Give back exactly the lines that start at the one containing "logitech-g502-hero-gaming-mouse-specs" and run to the end of the material, leaving out the pictures.
### Dataset section ###
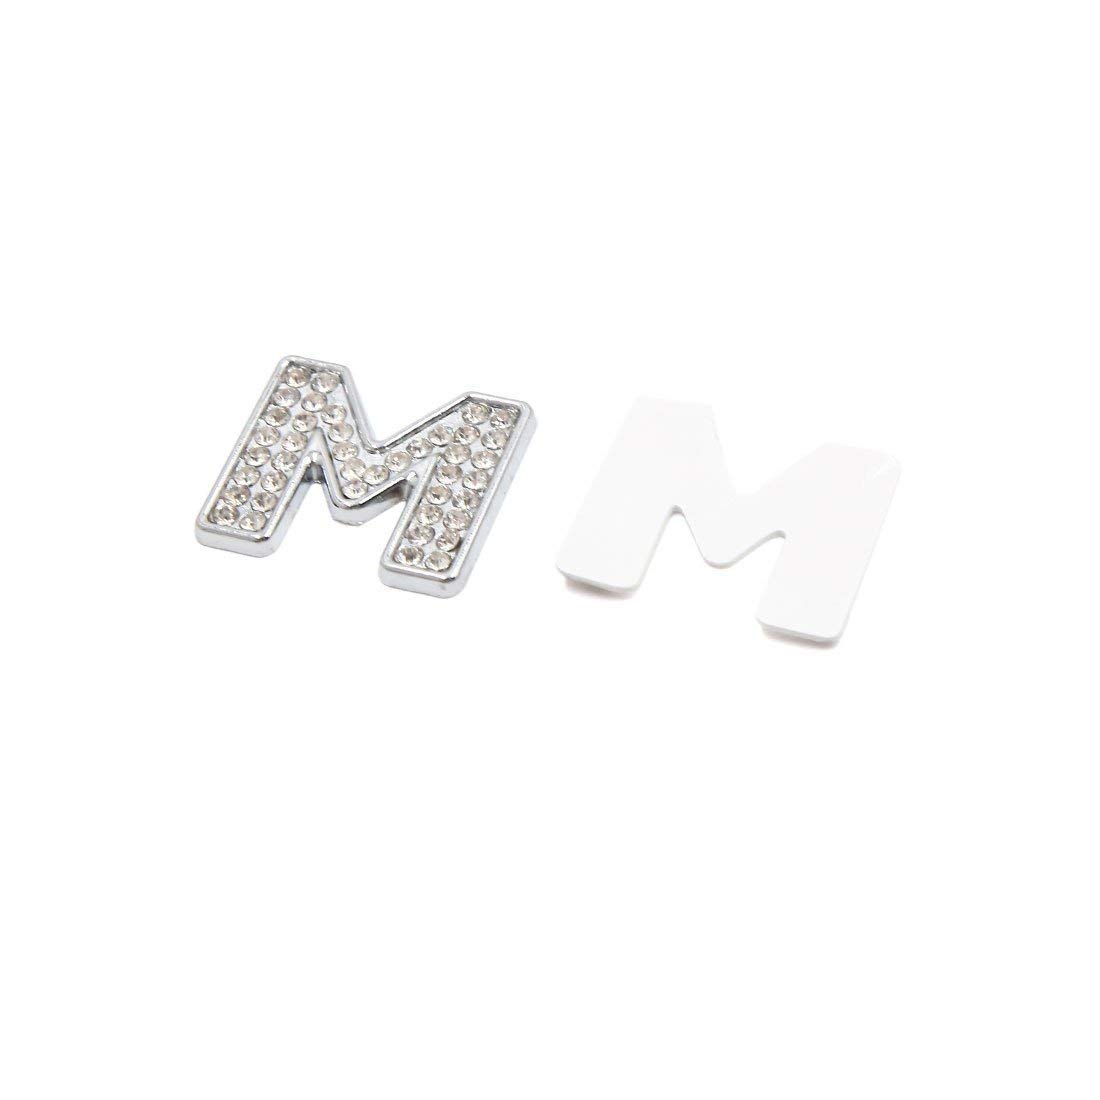 3D Silver Tone Metal Letter A Shaped Car Emblem Badge Sticker Decal Decoration
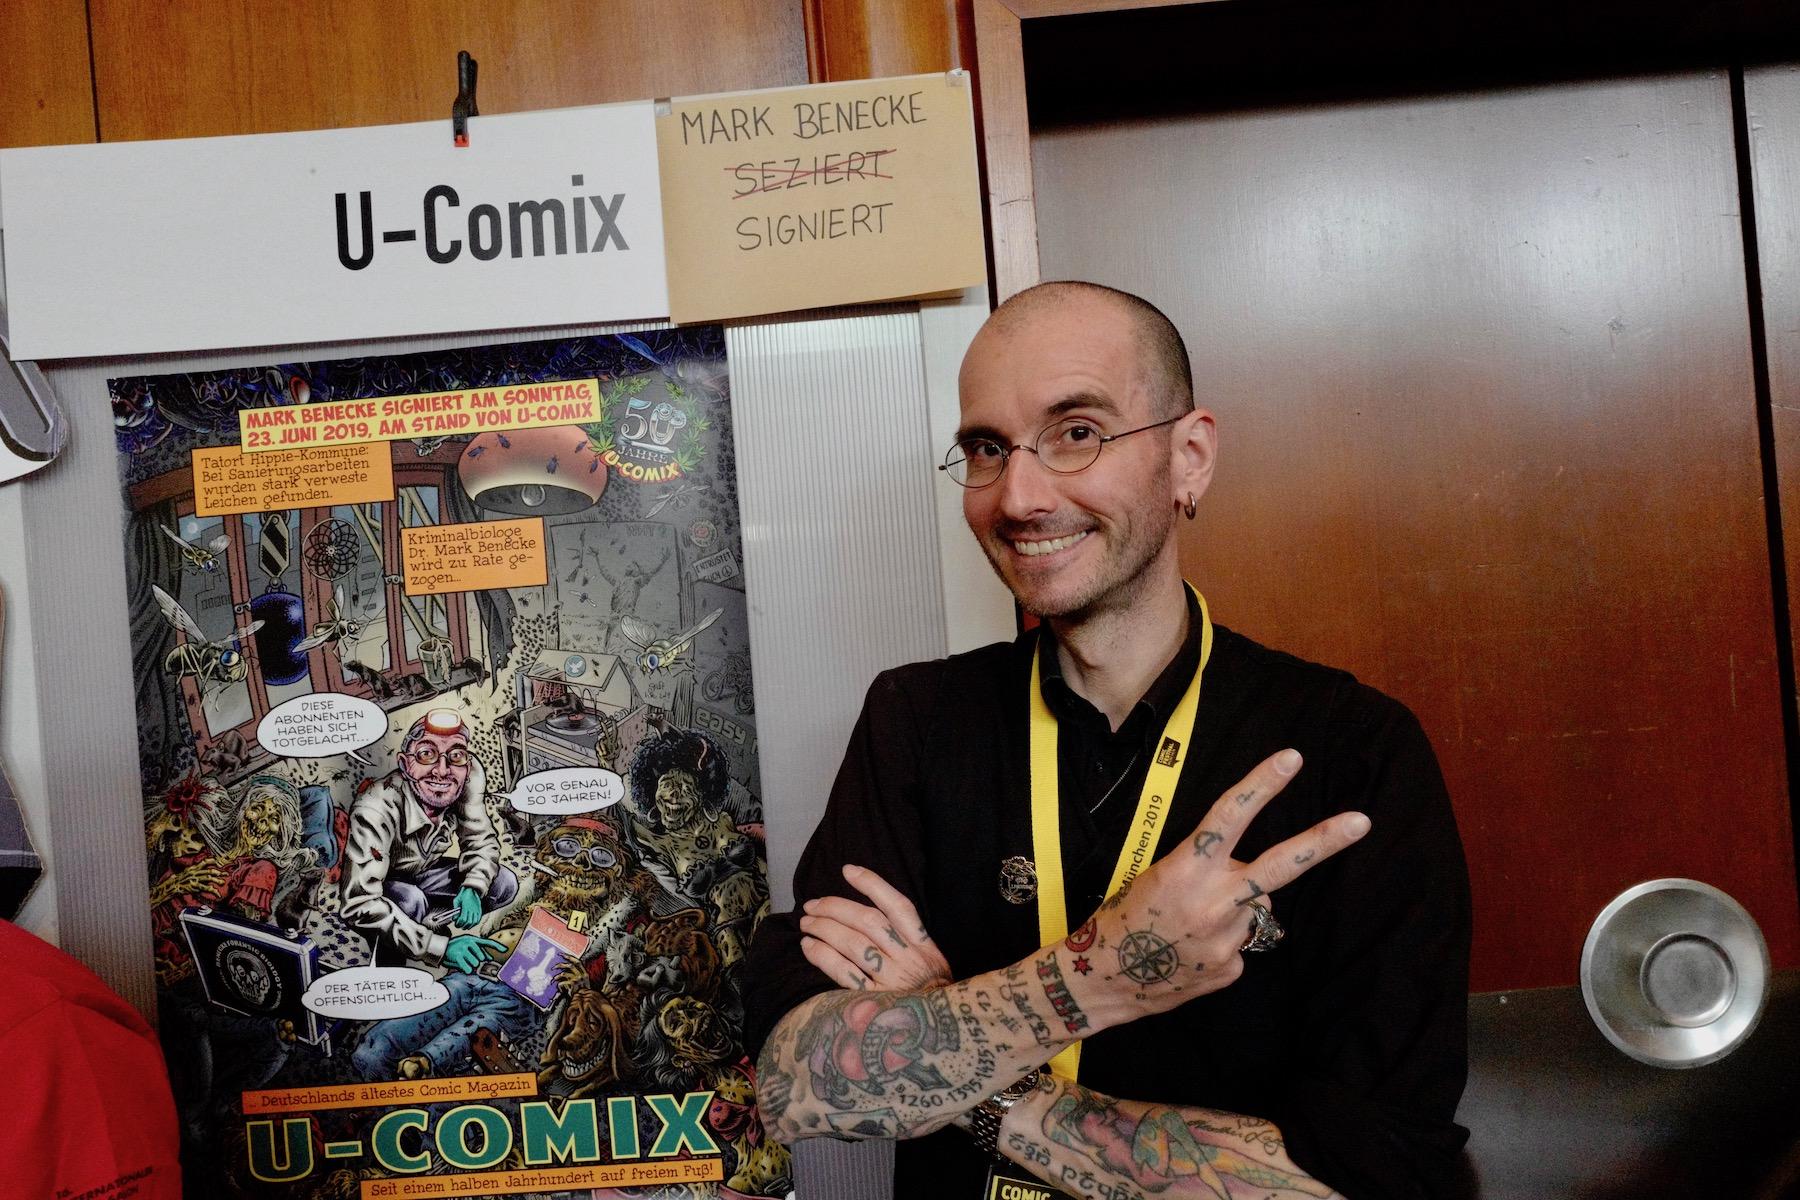 mark_benecke_cfm19_comic_festival_muenchen_u_comix - 42.jpg
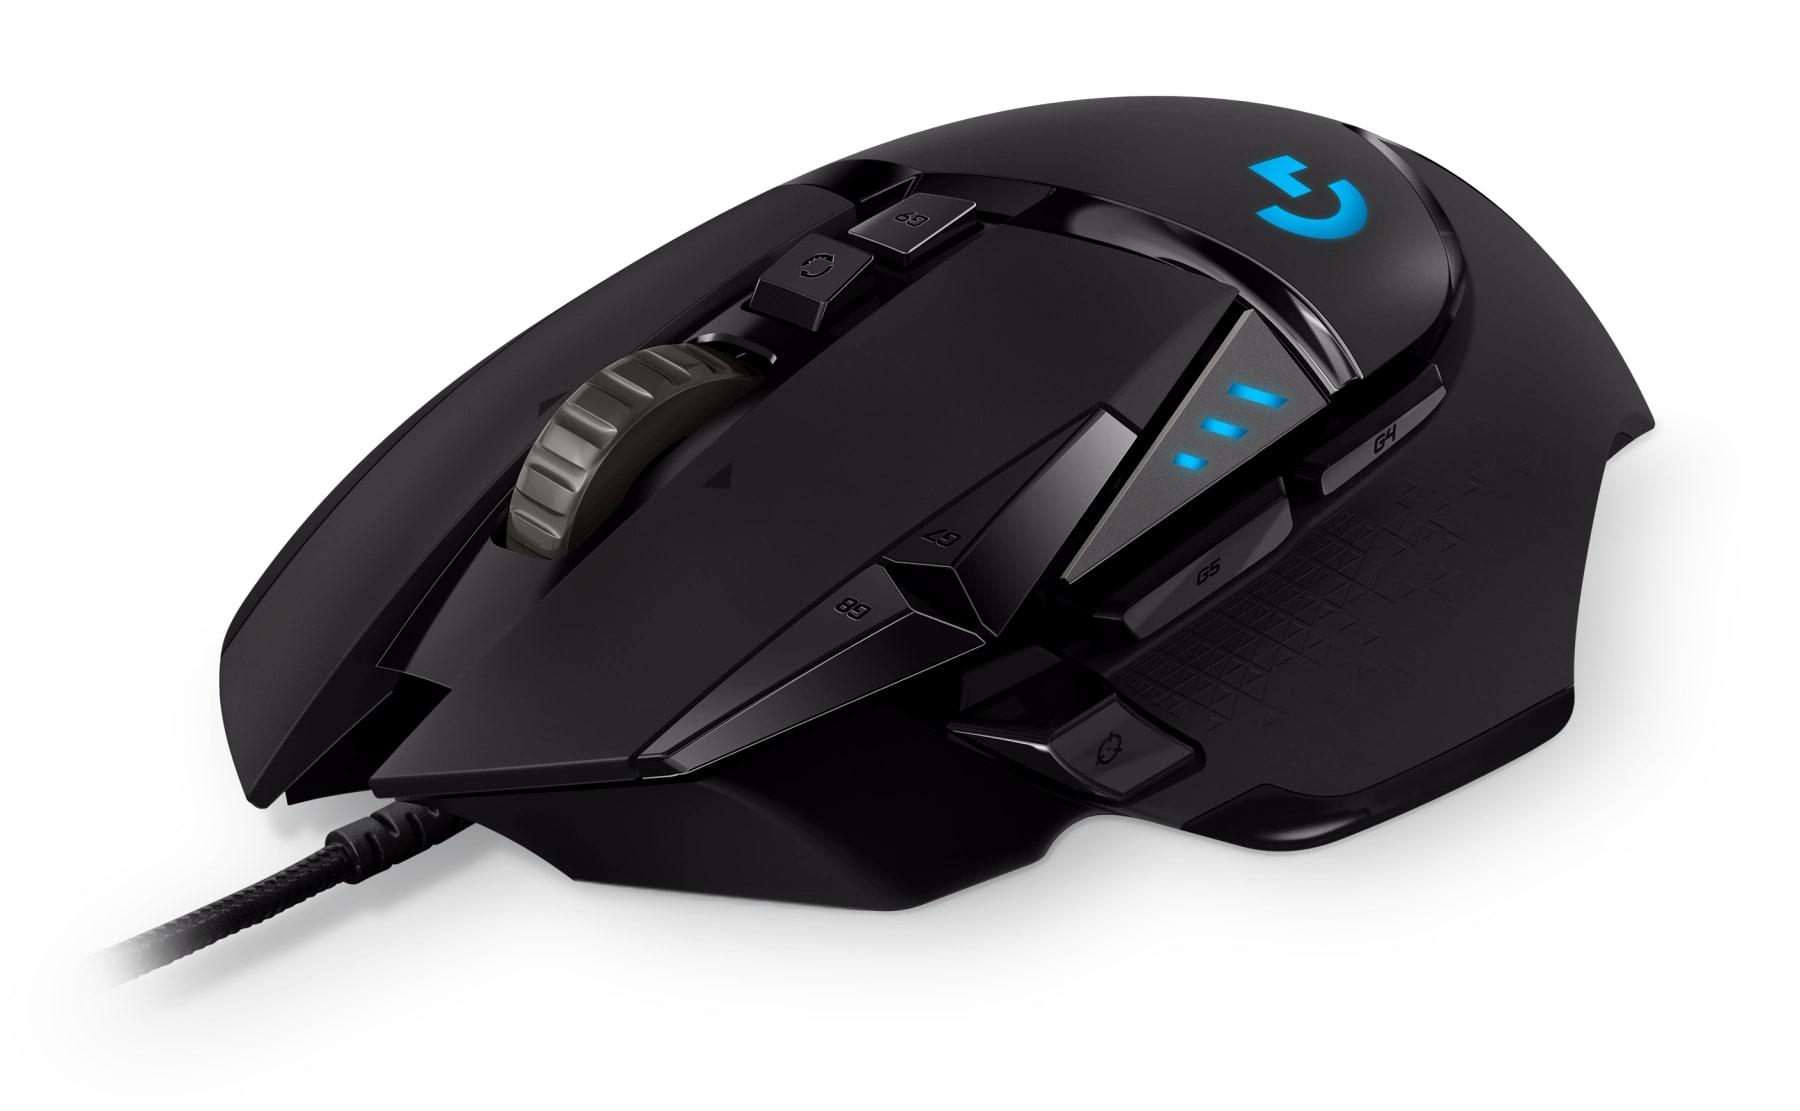 logitech-g502-hero-gaming-mouse-specs
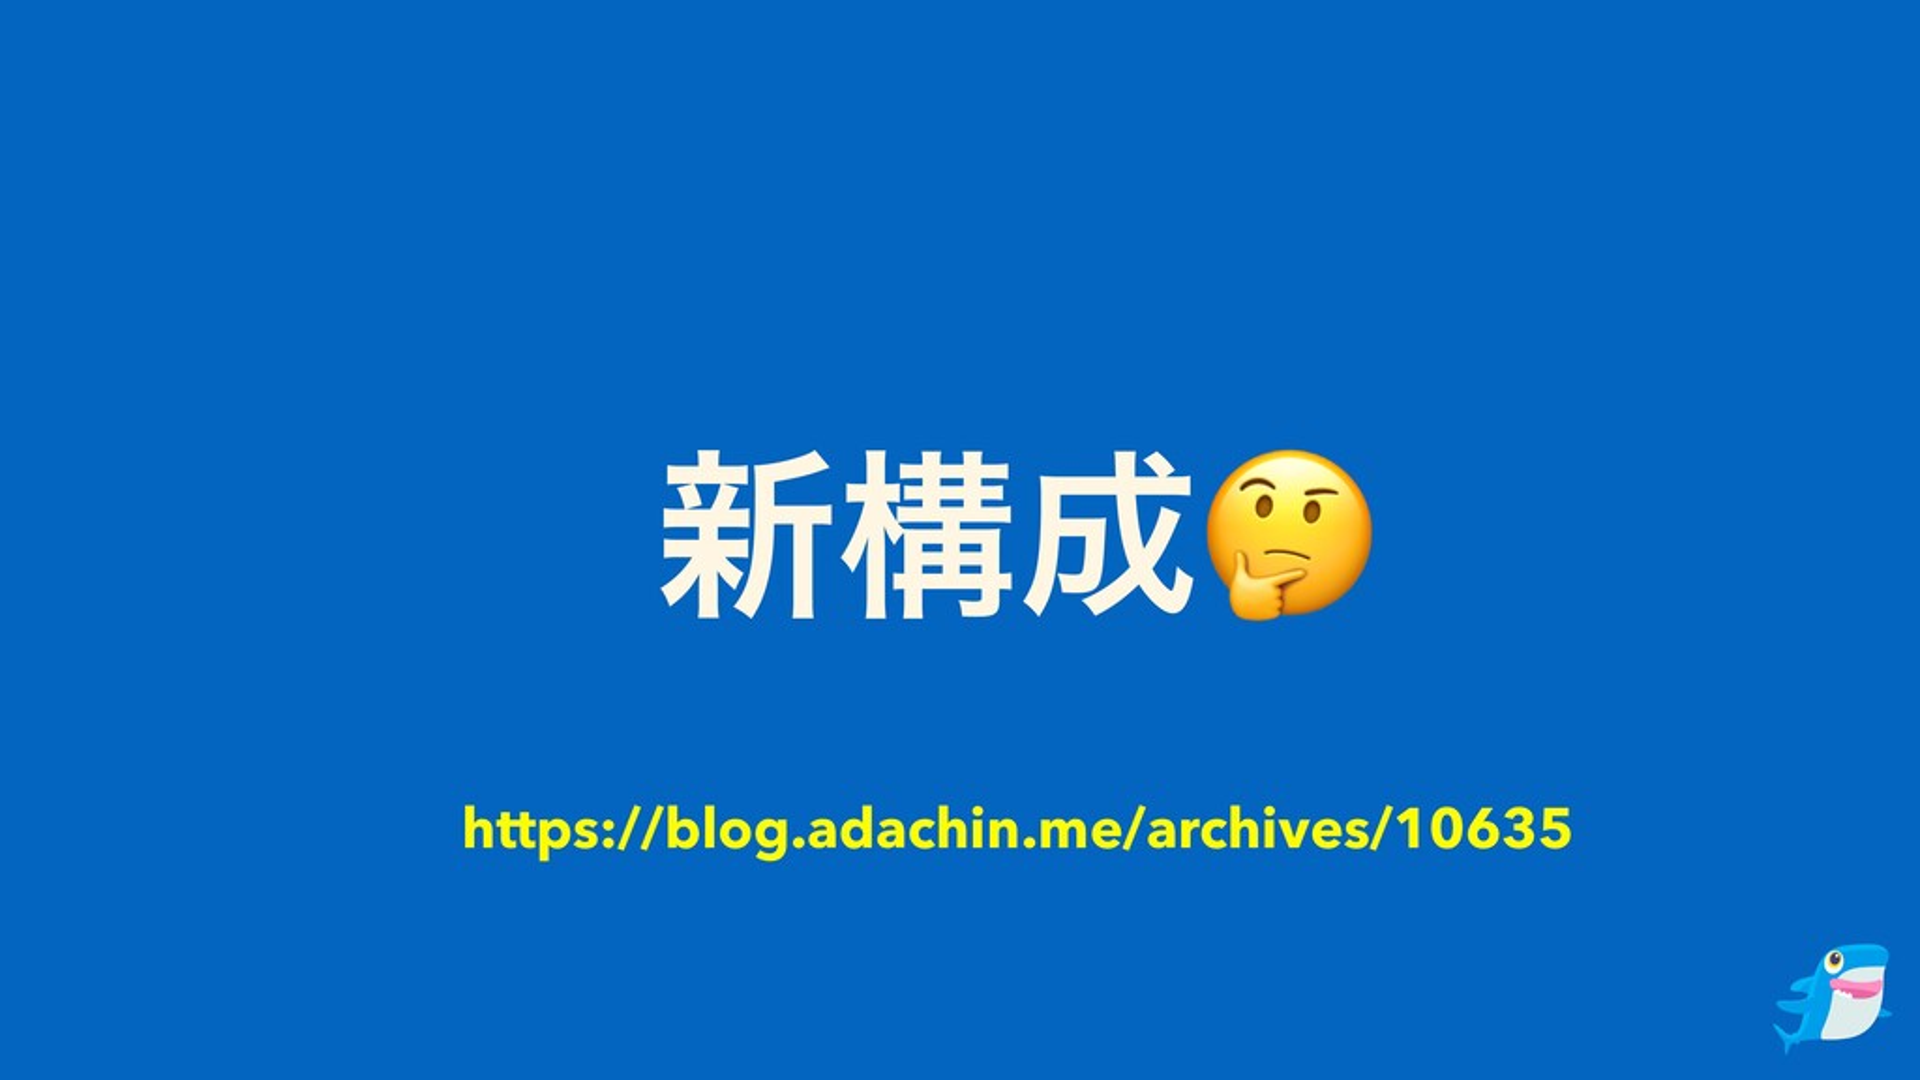 ৽ߏ https://blog.adachin.me/archives/10635
###
> Task output
 logitech-g502-hero-gaming-mouse-specs
 ৽ߏ https://blog.adachin.me/archives/10635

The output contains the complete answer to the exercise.